Por que me Ufano do Meu País é o nome de um livro escrito no ano de 1900 por Afonso Celso, escritor medíocre que pouco ou quase nada mais produziu. Na década de 1960, em plena ditadura militar, Millôr Fernandes escreveu uma peça teatral com o mesmo título, mas evidentemente de sentido oposto, uma crítica irônica que a censura da época proibiu, mais por causa do título que pelo conteúdo em si. O fato é que o livro tornou popular o termo “ufanismo”, no sentido otimista, significando orgulho ou auto-elogio em relação a um país (para entender melhor seu significado, leia aqui). Como os militares usaram e abusaram desse recurso para ganhar apoio das massas, a palavra acabou ganhando caráter pejorativo, como algo que se devesse evitar a todo custo. Nesse raciocínio, todo ufanista seria, necessariamente, um defensor do país e, por extensão, do governo.

Talvez por essa, digamos, confusão vernacular, ufanismo e ufanistas andavam meio em baixa nas últimas décadas. Foram ressuscitados no governo Lula, que usou o recurso mais do que conhecido – semelhante ao de Hitler na Alemanha, Mussolini na Itália, Bush nos EUA e da maioria dos governos militares na América Latina – de apelar ao patriotismo para conquistar apoio popular. Como se todos os que criticam o governo fossem antipatriotas. E assim reapareceram os ufanistas, para quem as matas brasileiras são mais verdes, o céu mais azul, blá-blá-blá…

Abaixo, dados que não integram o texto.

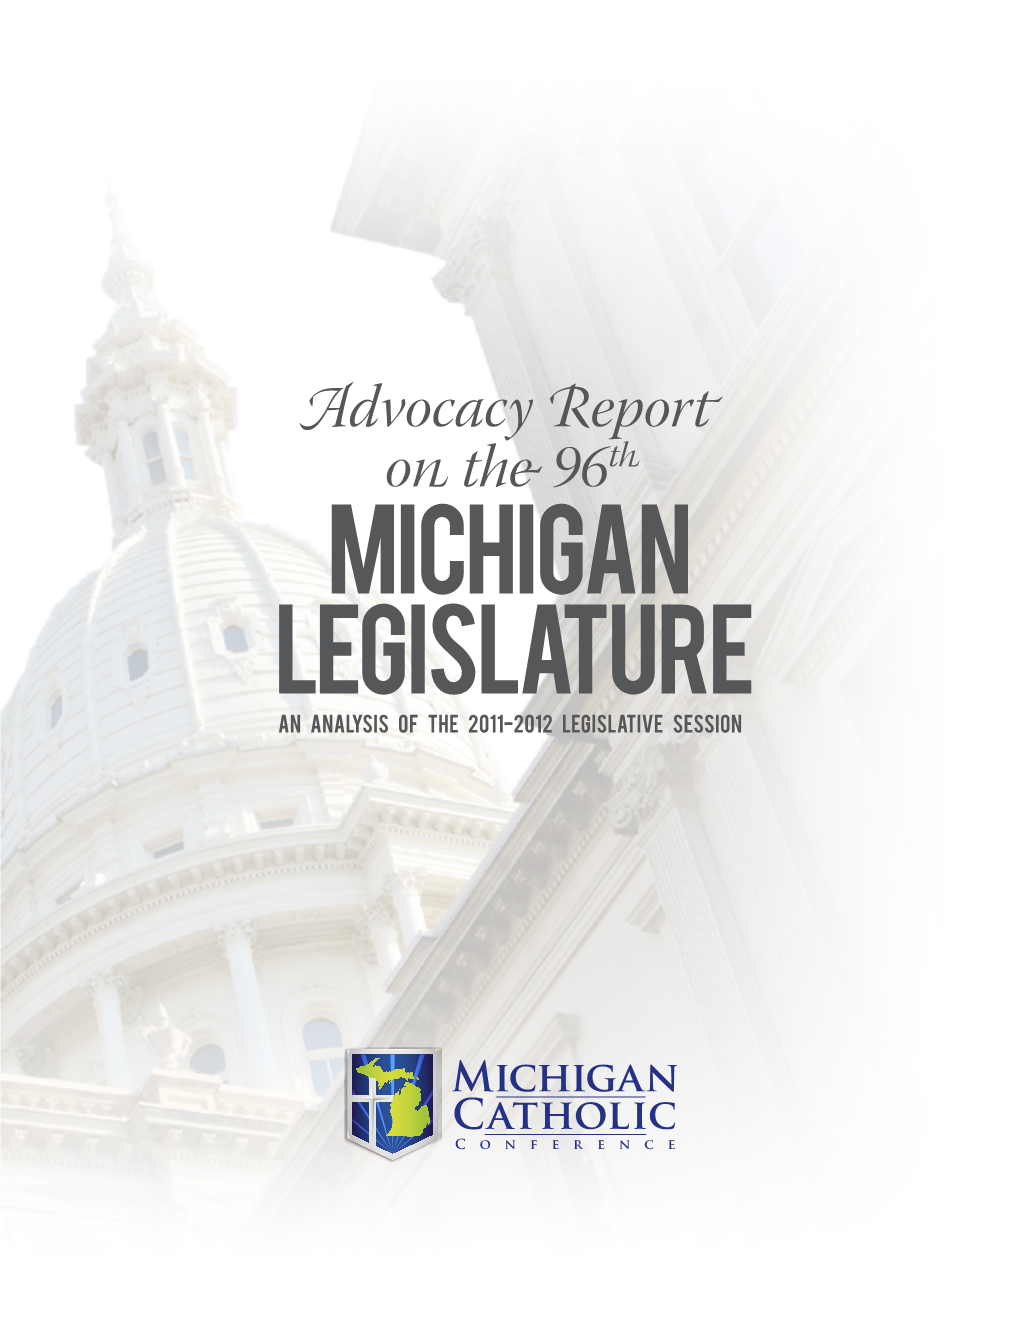 Michigan Legislature an Analysis of the 2011-2012 Legislative Session

É preciso cuidado com tais figuras. Nem sempre são apenas sinceros defensores da pátria; e quase sempre utilizam esse surrado argumento para defender apenas seus próprios interesses. Coloco nessa categoria os ardorosos apoiadores das cotas para conteúdos nacionais nos canais de TV paga, recentemente aprovadas pelo governo. Comentei o assunto aqui outro dia com o intuito de alertar leitores que eventualmente não sabem o que está por trás desse tipo de legislação – o mesmo espírito que sustentou durante anos a famigerada reserva de mercado da informática, que manteve o Brasil no atraso tecnológico do qual está dificílimo sair. E alguns leitores responderam de pronto, mostrando estarem sempre alertas.

Como já bem definiu o senador Cristóvão Buarque: por não saber resolver seus problemas de modo racional, o Brasil acabou criando meias-soluções, como é o caso das inúmeras Bolsas sociais e das cotas para negros nas universidades. A rigor, ninguém pode ser contra incentivos à produção cultural brasileira, embora as leis criadas até hoje tenham servido, muitas vezes, a perpetuar privilégios de amiguinhos do poder. Basta ver como são distribuídas as verbas de estímulo à produção de filmes, cujos beneficiários são invariavelmente os mesmos e das quais raramente prestam contas. De qualquer forma, seria ótimo que o país tivesse uma verdadeira política cultural, desde que baseada no mérito e na diversidade, não no protecionismo e no tráfico de influência.

Infelizmente, não é o caso de cotas, de qualquer natureza. Apenas para cumprir a nova lei, as programadoras deverão apelar para conteúdos de baixo custo. E, sem financiamento nem cobrança de resultados ou metas de qualidade (algo intangível no ramo cultural), mas com espaço garantido na mídia por imposição da lei, os produtores ditos “independentes” só ganharão visibilidade se usarem o esquema já adotado na maioria das TVs abertas: partir para a baixaria. Ou, se preferirem, recorrer ao velho ufanismo. Das duas formas o país sairá perdendo.

1 thought on “A volta do velho ufanismo

  1. Medida arcaica e desalentadora. Reserva de mercado pura, da qual já tivemos, em outros setores (automobilístico, informática, etc.), péssimos exemplos, que de nada contribuíram para o desenvolvimento do país. Reflexo da visão de “modernidade” dos nossos atuais “governantes”. Lamentável.